Thanks a lot. It helped me.
How are you supposed to plot coordinates and input them into a telescope when the sky is rotating around polaris, meaning yes the stars are in fixed points on the celestial sphere but the earth is rotating, which makes the stars appear to be in different locations in the sky... So how is it we're able to input RA & DEC into a telescope without having a set time! So confused by this... Please help.
Actually, you hit the nail on the head. You DO need to input time, that way the scope knows the sidereal time (ie, the RA value of the sky due south), and can figure it out from there. Many scopes now have GPS built in, so they can figure out both location AND time by themselves.
Ed Hitchcock Oh, I see. Thanks! I appreciate it. Would I be correct in saying that the GPS is mostly for tracking celestial bodies within our solar system? (Seeing as the stars are in fixed points and only rely on the value of time, whereas the planets and other celestial bodies are moving in their orbits and change location depending on when and where you view them?)
knight654654 The GPS just tells the scope's computer your physical location on earth, and the time. The computer then uses that information to figure out where everything is. It has the coordinates of thousands of stars and objects, and the orbital data for the moon, planets and asteroids etc, from which it can calculate the precise position at any given time.

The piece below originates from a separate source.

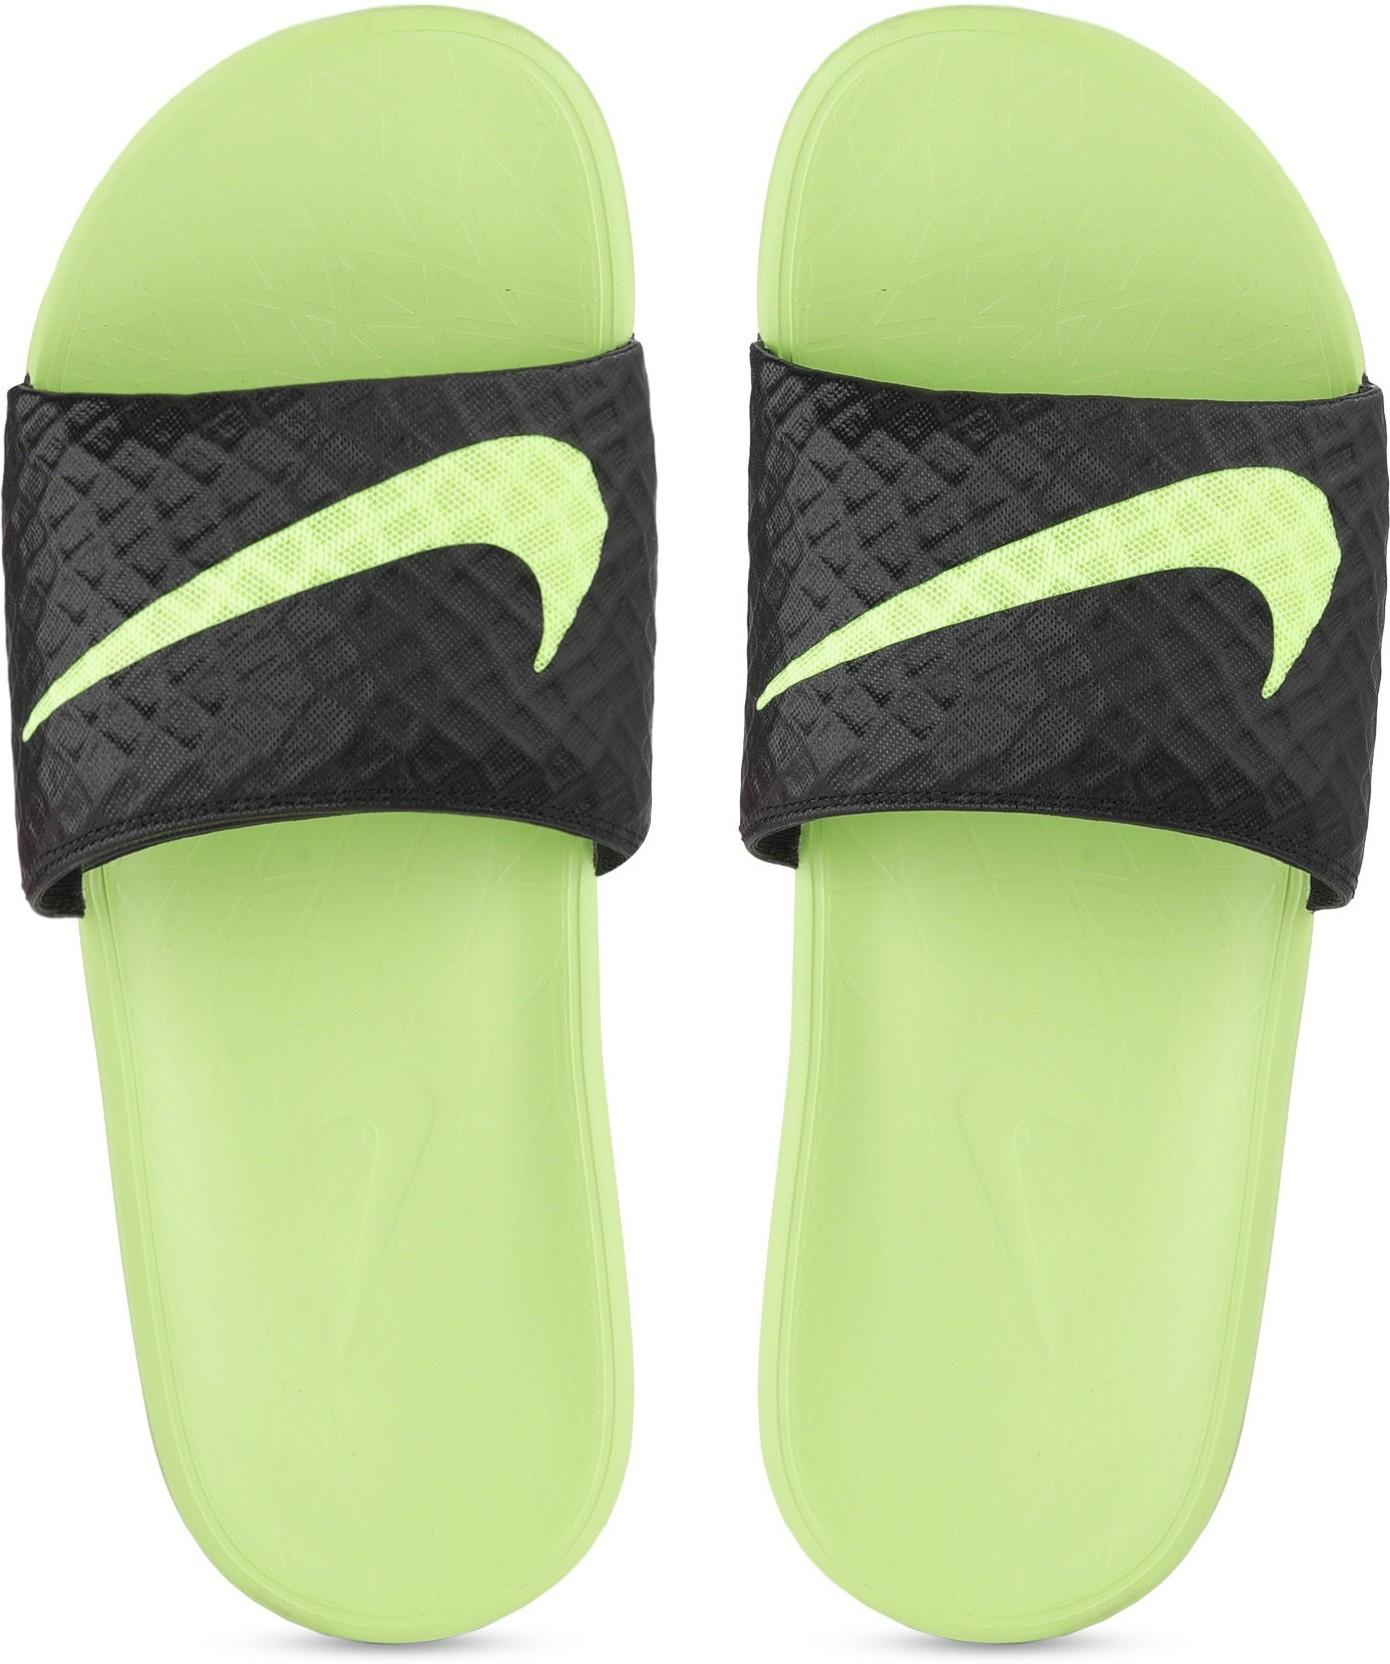 e5e5a71d23a Nike BENASSI SOLARSOFT Slides - Buy BLACK VOLT Color Nike BENASSI ...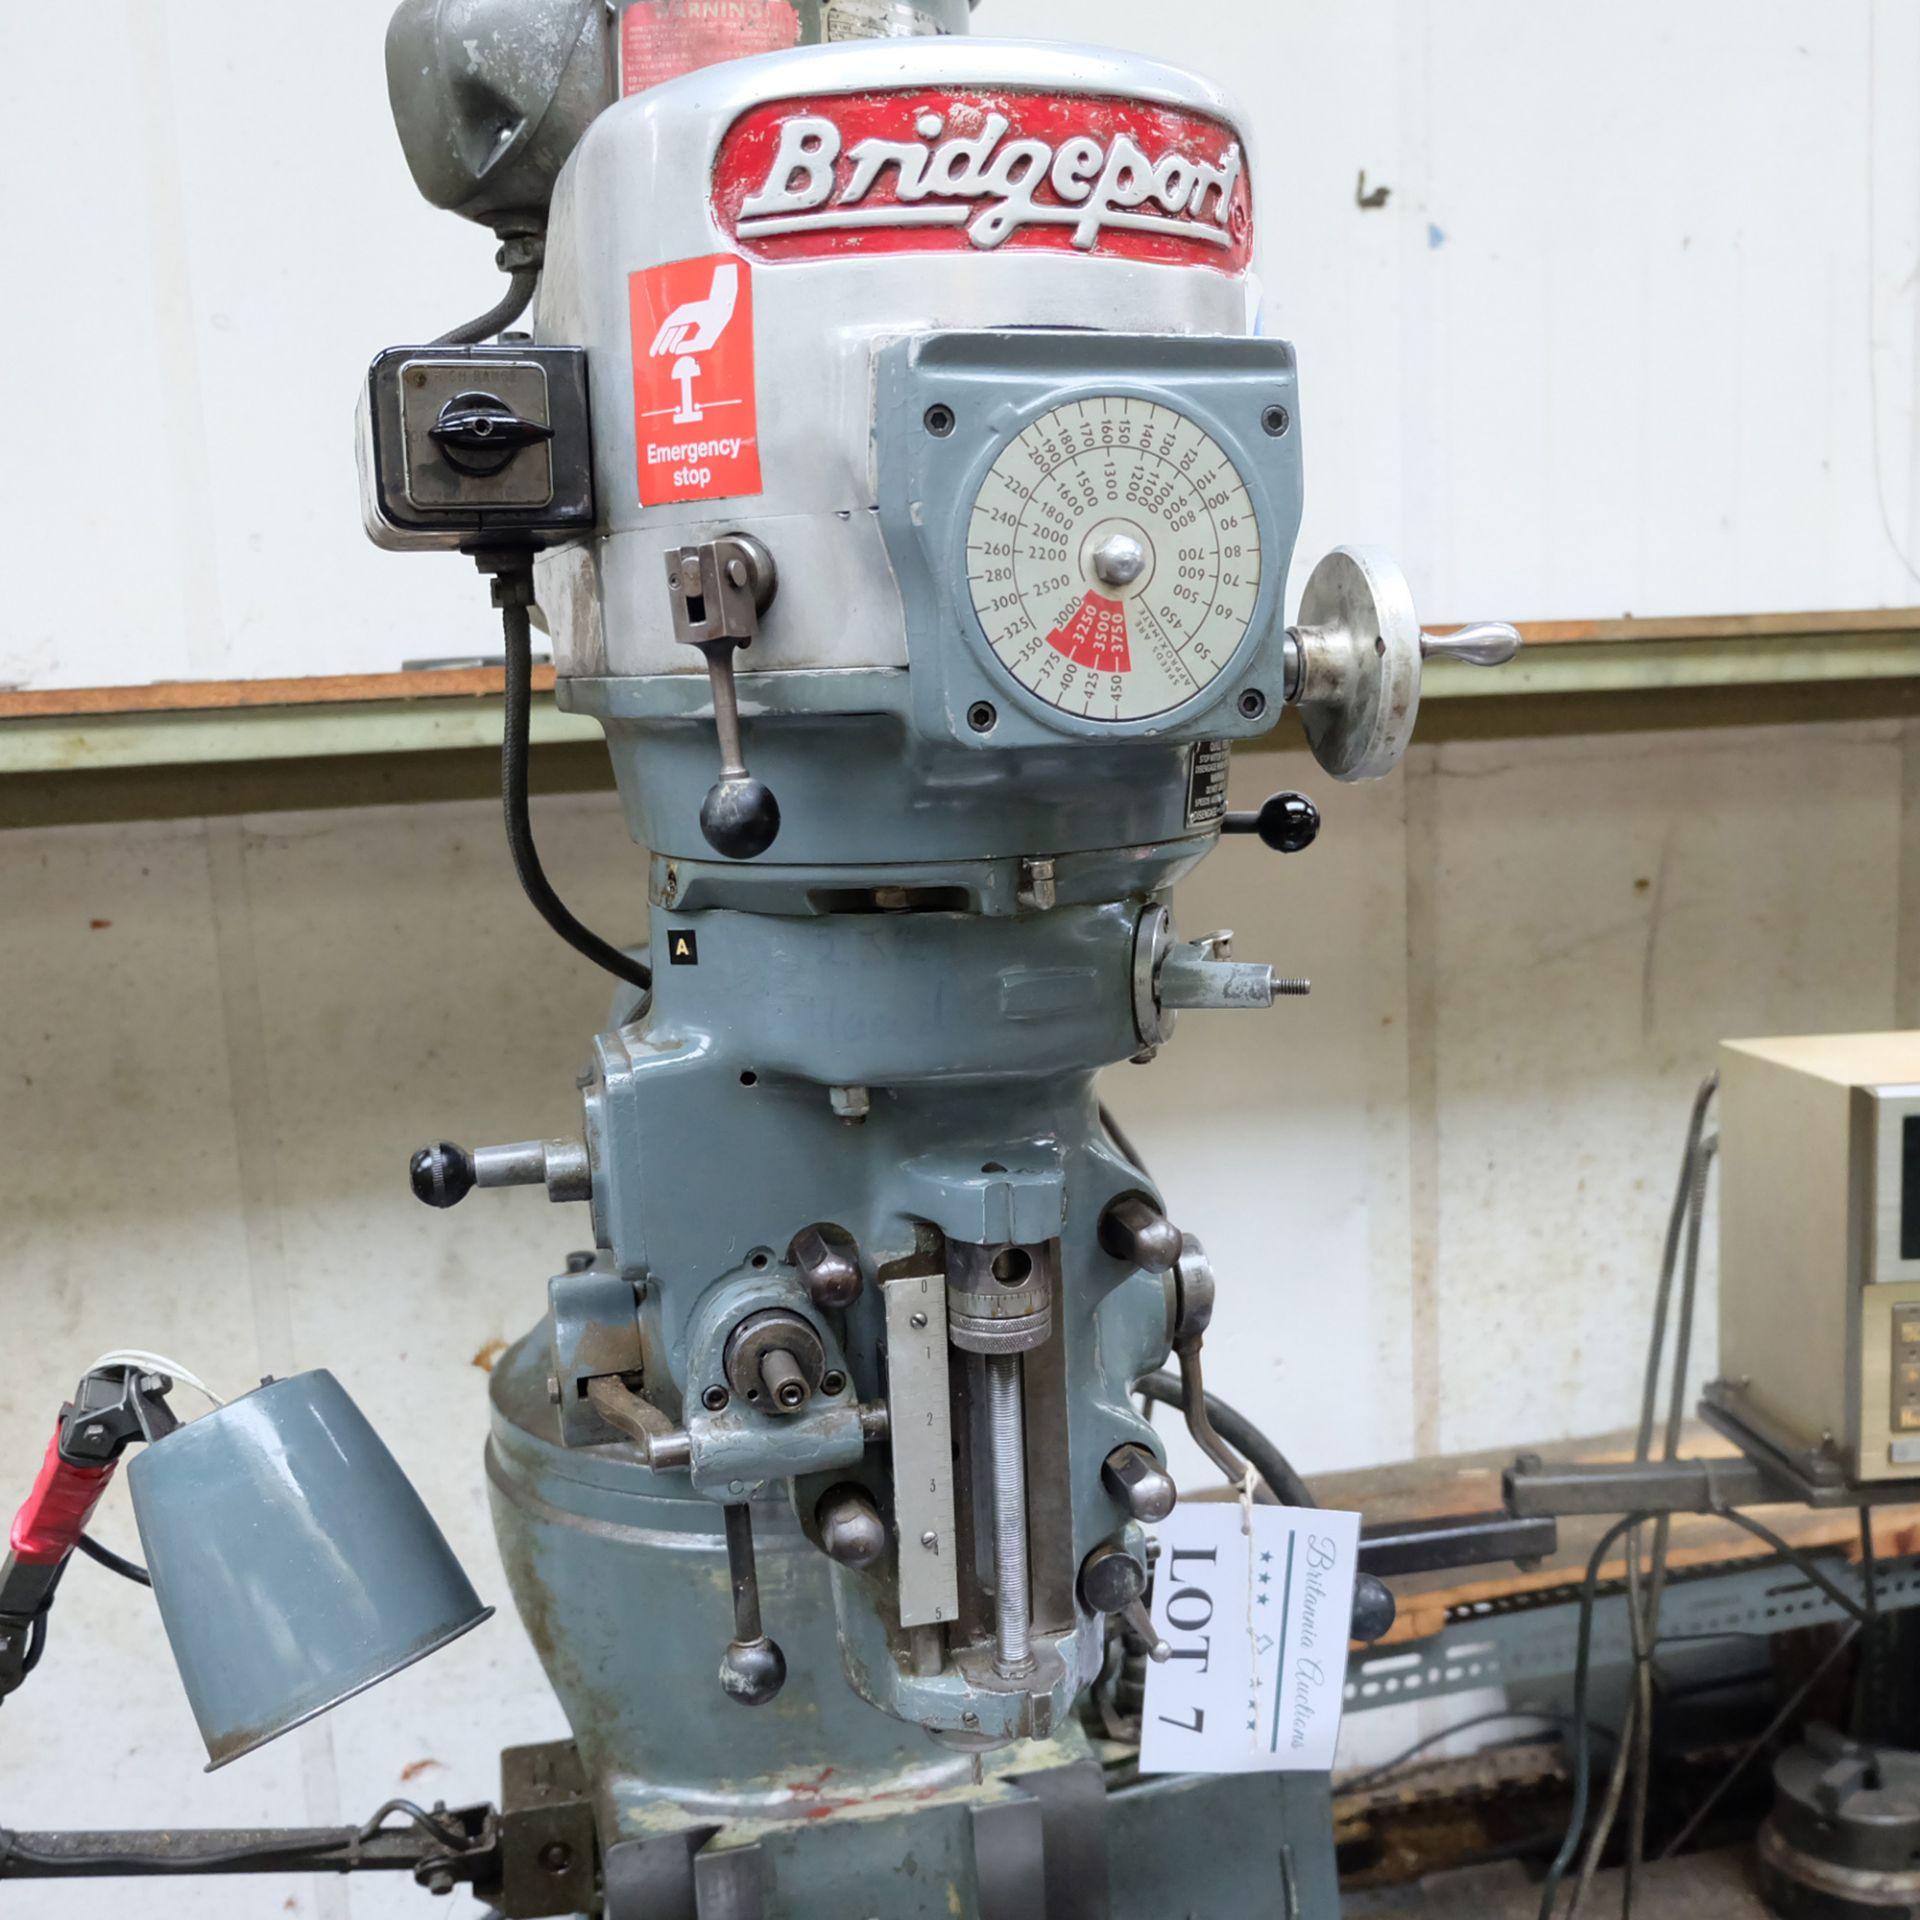 Bridgeport BR2J Variable Speed Head Turret Milling Machine. - Image 3 of 7

Ed Hitchcock Oh :D... I just saw Venus, Mars and Uranus c: Thanks btw.
knight654654 Nice. Jupiter is in the eastern sky - have a look at the king of planets :-)
Which software is that ?
Stellarium. It's free.
I dont understand right ascension completely. When talking about declination you said that 90 degrees is at the celestial north pole and -90 degrees is at the celestial south pole. But what is the point where right ascension is 0 hours and 24 hours? Like on the earth longitude is 0 in greenwitch observatory and goes to +180 degrees to the east and -180 degrees to the west. What about right ascension?
Since the Earth keeps rotating, right ascension is like a clock. Just as the day starts at 0:00 (midnight) and goes to 23:59 before clicking back to 0:00, RA starts at 0:00 (in Pisces) all the way around to 23:59, and then back to 0:00.
Ed Hitchcock I see. Thanks, that helped. And the video was very informative.